Start 15' right of Horseman, just right of Apoplexy and climb a very thin vertical seam and a virtually blank face to the right-facing corner up above to the double-bolt anchor.
The Uberfall area
BETA PHOTO: gear on the lower half
|By Denis O'Connor|
May 13, 2009
The protection is not all that bad. It's comparable to Apoplexy (photo above). The first two placements are the same as Apoplexy, the next one is a shaky sideways stopper that might be useless, and the one above that is what I thought (hoped?) was a pretty good C3 placement. There is a long runout above that cam, but the moves get easier the higher you go.

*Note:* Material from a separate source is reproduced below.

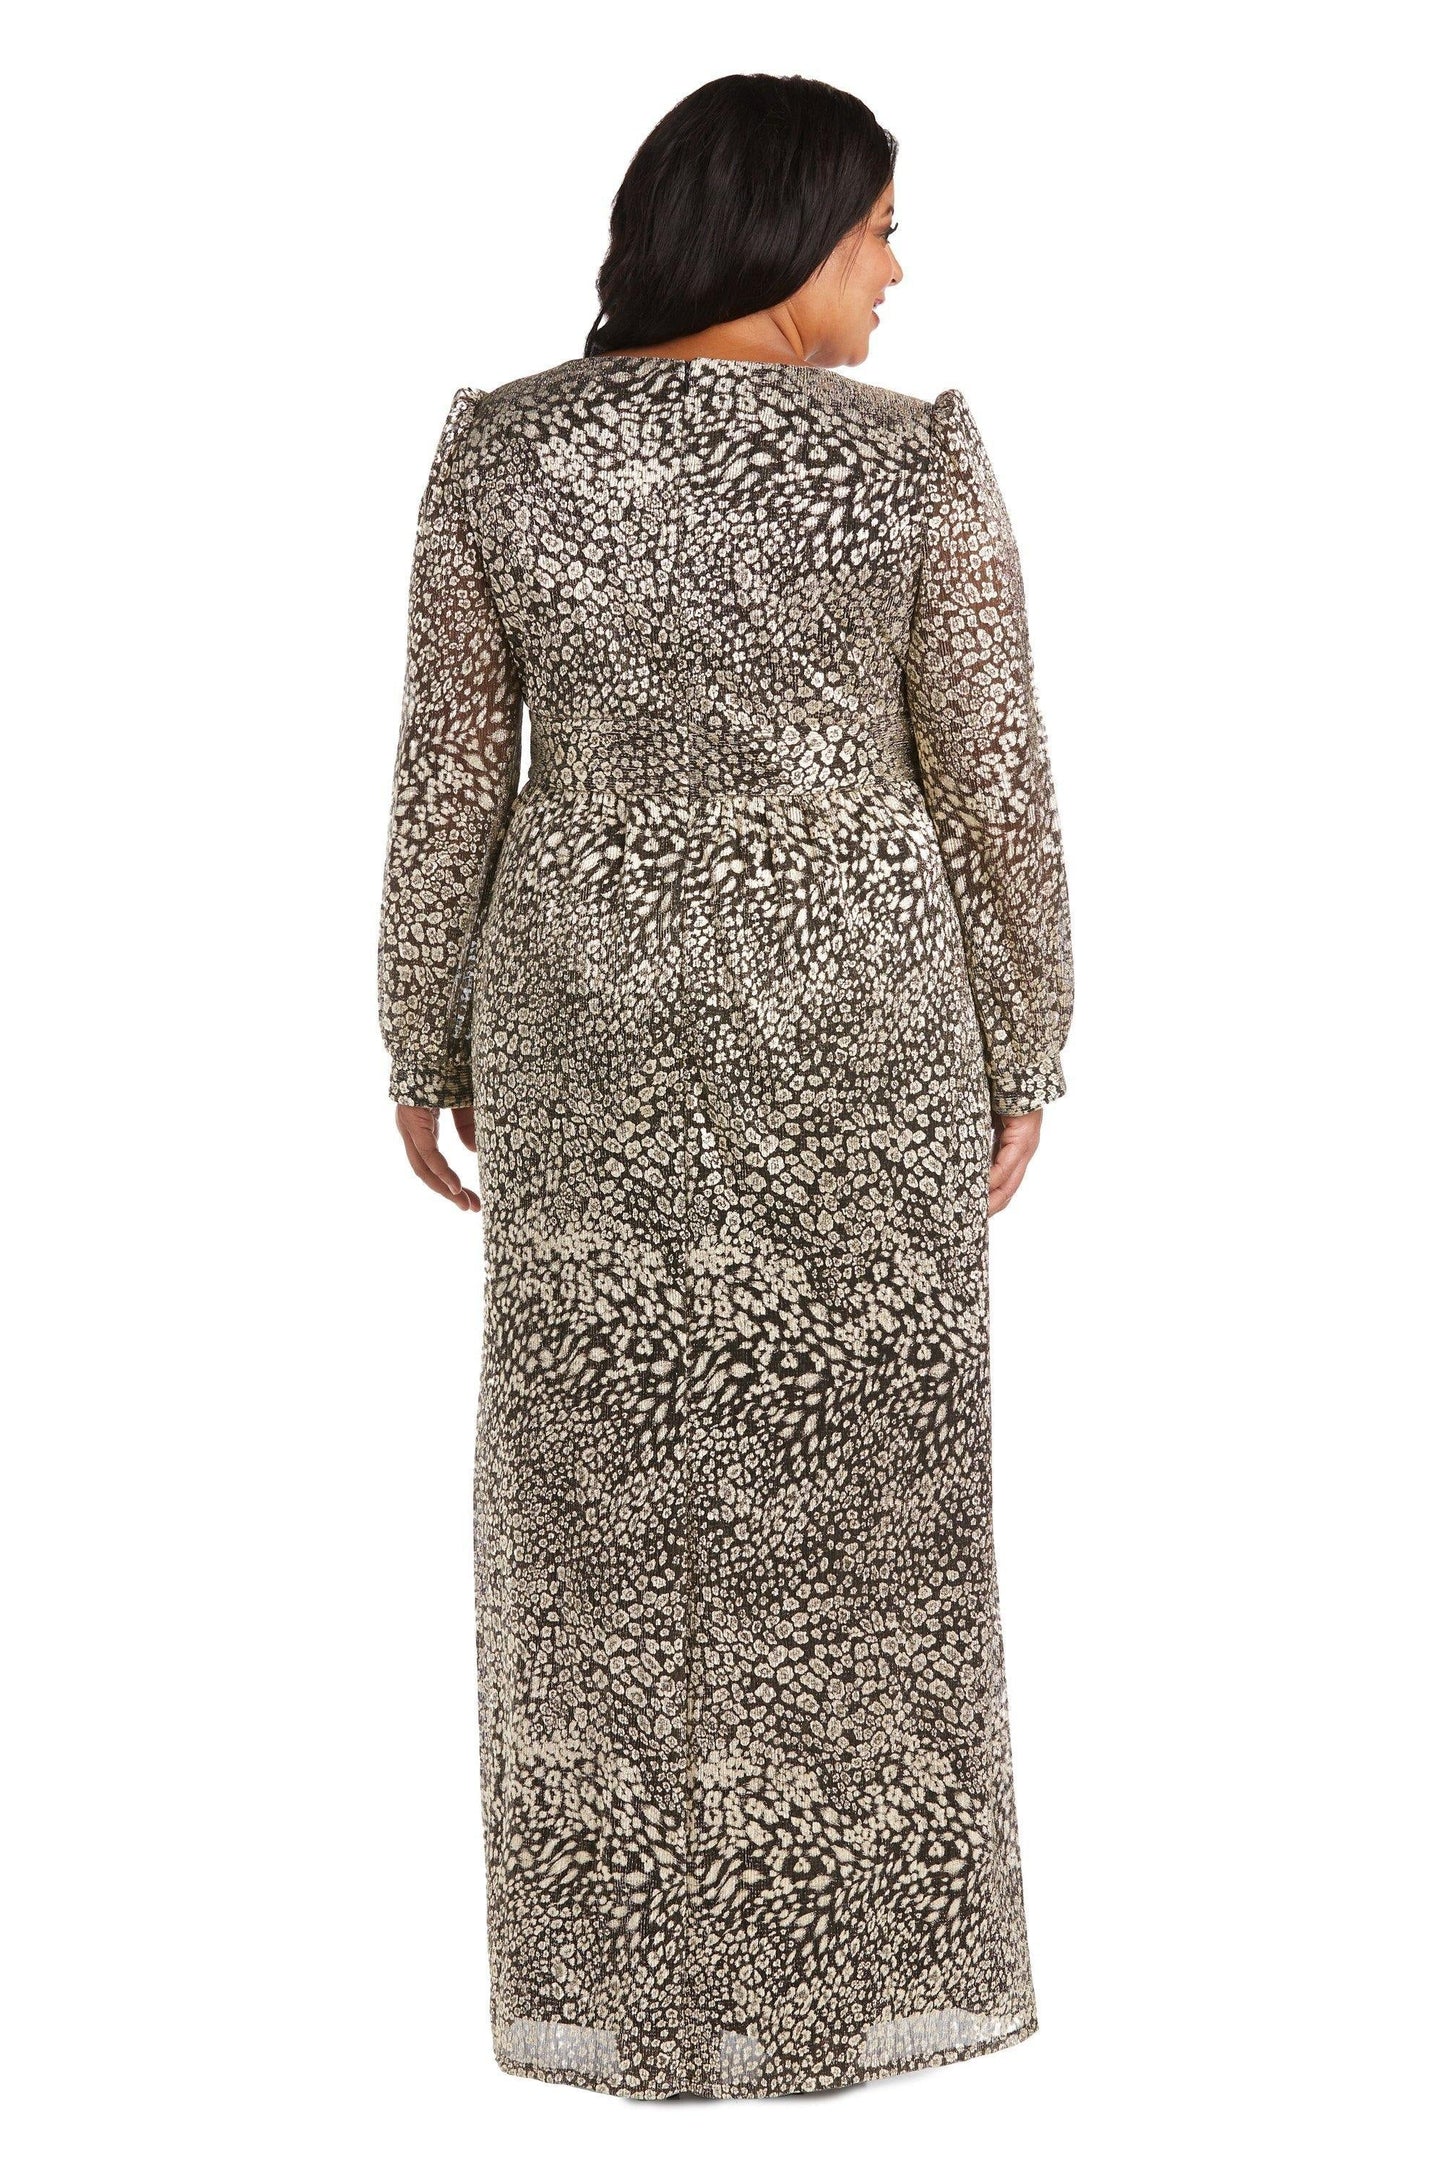 R&M Richards Long Plus Size Metallic Dress 2462W - The Dress Outlet

That's not to say it wouldn't be scary to onsight it (I didn't dare), but it is leadable.
|By Jonathan Clark|
From: Philadelphia, PA
Aug 9, 2010
rating: 5.10 R
Well, I did lead it onsight. The first two placements are not on Apoplexy. They are in the same horizontal, but directly below the super thin crack. The protection through the crux is poor to non-existent. I got a #1 or #2 BD micro nut in before the sequence, but it wouldn't be worth much more than a hang. If you blew it going through the crux you would most likely deck from 25+ feet.
|By Jaysen Henderson|
Mar 21, 2011
I tr'd this after leading apoplexy, couldn't imagine leading it untill the top sections after the face climbing. crux was definitely low and the near the top is amazing, if there was more placements for pro it would definitely be a classic.
Apr 22, 2012
A favorite variation of mine is to start on Apoplexy, do the scary flake, then angle rightwards to hit Coronary above its crux. The upper corners of Coronary are terrific to lead, in the 5.7 or 8 range I think. And it's a straight shot to the bolts this way.
|By Dana Bartlett|
Apr 24, 2012
The protection is not all that bad.
I lead this on sight; the protection is all that bad. Protection comparable to Apoplexy? That's a joke.
From: Colorado Springs, Colorado
Sep 18, 2012
Very sequency at the crux. Would be a super stiff onsight.